パネットーネ|レシピと作り方のコツ
切ると縦に糸を引く生地と、干した果実の甘い香り。パネットーネは時間こそかかりますが工程そのものは素直で、家庭のオーブンでも焼き上がります。四人分の型ひとつ分で進めます。
先生の一言
- 膨らまない → 牛乳やぬるま湯が熱すぎた場合です。40度を超えないよう人肌で使います。
- 焼き上がりが沈む → 横に置いて冷ましたためです。型ごと逆さに吊るして冷まします。
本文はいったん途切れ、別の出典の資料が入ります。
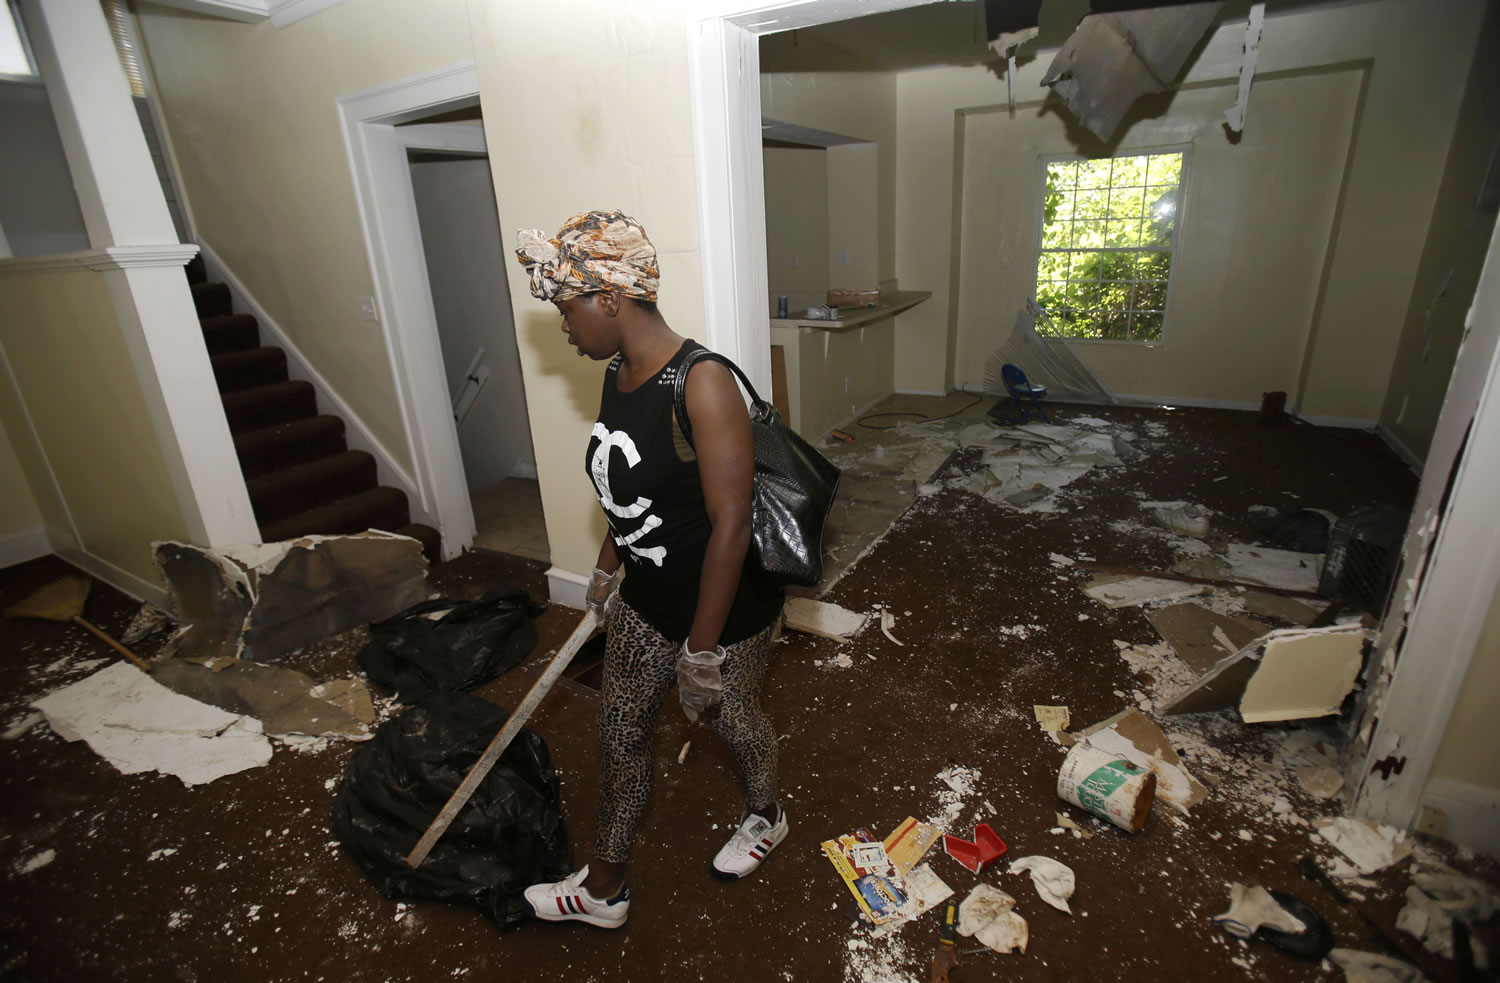 Sanautica Hicks-Ross, 18, searches an abandoned home Sunday near where three bodies were found in East Cleveland, Ohio. Hicks-Ross is an East Cleveland resident.

- 果実が底に沈む → 戻したレーズンの水気を拭き、粉小さじ1をまぶしてから折り込みます。
240分調理時間の目安
4人分分量
手間あり難しさ
材料(4人分)
- 強力粉250gふるっておく
- 砂糖60g塩とは離して粉に加える
- 塩3g酵母に直接触れない位置に置く
- ドライイースト5gぬるま湯大さじ2で溶かす
- 卵2個(100g)常温に戻して溶いておく
- 牛乳60ml人肌(35度前後)に温める
- バター80g室温に戻し、指で押せる固さにする
- レーズン80gぬるま湯で10分戻し、水気を拭く
- オレンジピール40g粗みじんに刻む
- はちみつ大さじ1生地の乾きを抑える
- 粉砂糖適量焼き上がりに振る
作り方
溶いたイースト、牛乳、卵、はちみつを合わせ、粉、砂糖、塩を加えます。
理由: 液体を先に合わせると、粉が均一に混ざります。
台に出して15分こね、やわらかいバターを3回に分けて練り込みます。
理由: 一度に入れると生地が滑って混ざりません。
丸めて容器に入れ、30度前後で90分、倍になるまで発酵させます。
理由: 指で押した穴が戻らなければ発酵の合図です。
ガスを抜き、水気を拭いたレーズンとピールを均一に折り込みます。
理由: 水気が残ると生地がべたつき、膨らみが鈍ります。
紙型に入れ、30度で60分、型の八分目まで二次発酵させます。
理由: 膨らみきる前に焼くと、窯の中でさらに伸びます。
180度に予熱したオーブンで35分焼き、色づいたらアルミ箔をかぶせます。
理由: 途中で覆うと、中まで火が通る前に焦げません。
竹串を刺して生地がつかなければ、逆さに吊るして2時間冷まします。
理由: 逆さにすると自重でつぶれず、縦の目が残ります。
保存と温め直し
| 冷蔵 | 切り口をぴったり包んで3日、乾きやすいので早めにいただきます。 |
|---|---|
| 冷凍 | 切り分けて1切れずつ包み3週間ほど、冷蔵庫で自然解凍します。 |
| 温め直し | 霧を吹いて160度のオーブンで5分温めると、香りが戻ります。 |
アレンジ
- レーズンを刻んだドライいちじく80gに替えると、酸味が穏やかになります。
- オレンジピールをレモンピールに替えると、後味が軽くなります。
- 粗く刻んだチョコレート60gを生地に加えても合います。
小麦粉、卵、乳製品から炭水化物とたんぱく質、脂質を含みます。
講師への質問
- 発酵に適した場所がないときはどうすればいいですか
- 湯を張ったボウルの上に生地の容器を置き、大きめの袋で覆えば代用できます。時間は季節で変わるので、生地の大きさで判断してください。
- 専用の型がないときはどうすればいいですか
- 厚手の紙で高さ10cmの筒を作り、底を敷けば代用できます。深めの丸い耐熱容器にオーブンシートを敷く形でも焼けます。
- 一日で焼き切れないときはどうすればいいですか
- 一次発酵まで進めて冷蔵庫で一晩休ませ、翌朝室温に戻してから続けます。低温で進むぶん、香りはむしろ深くなります。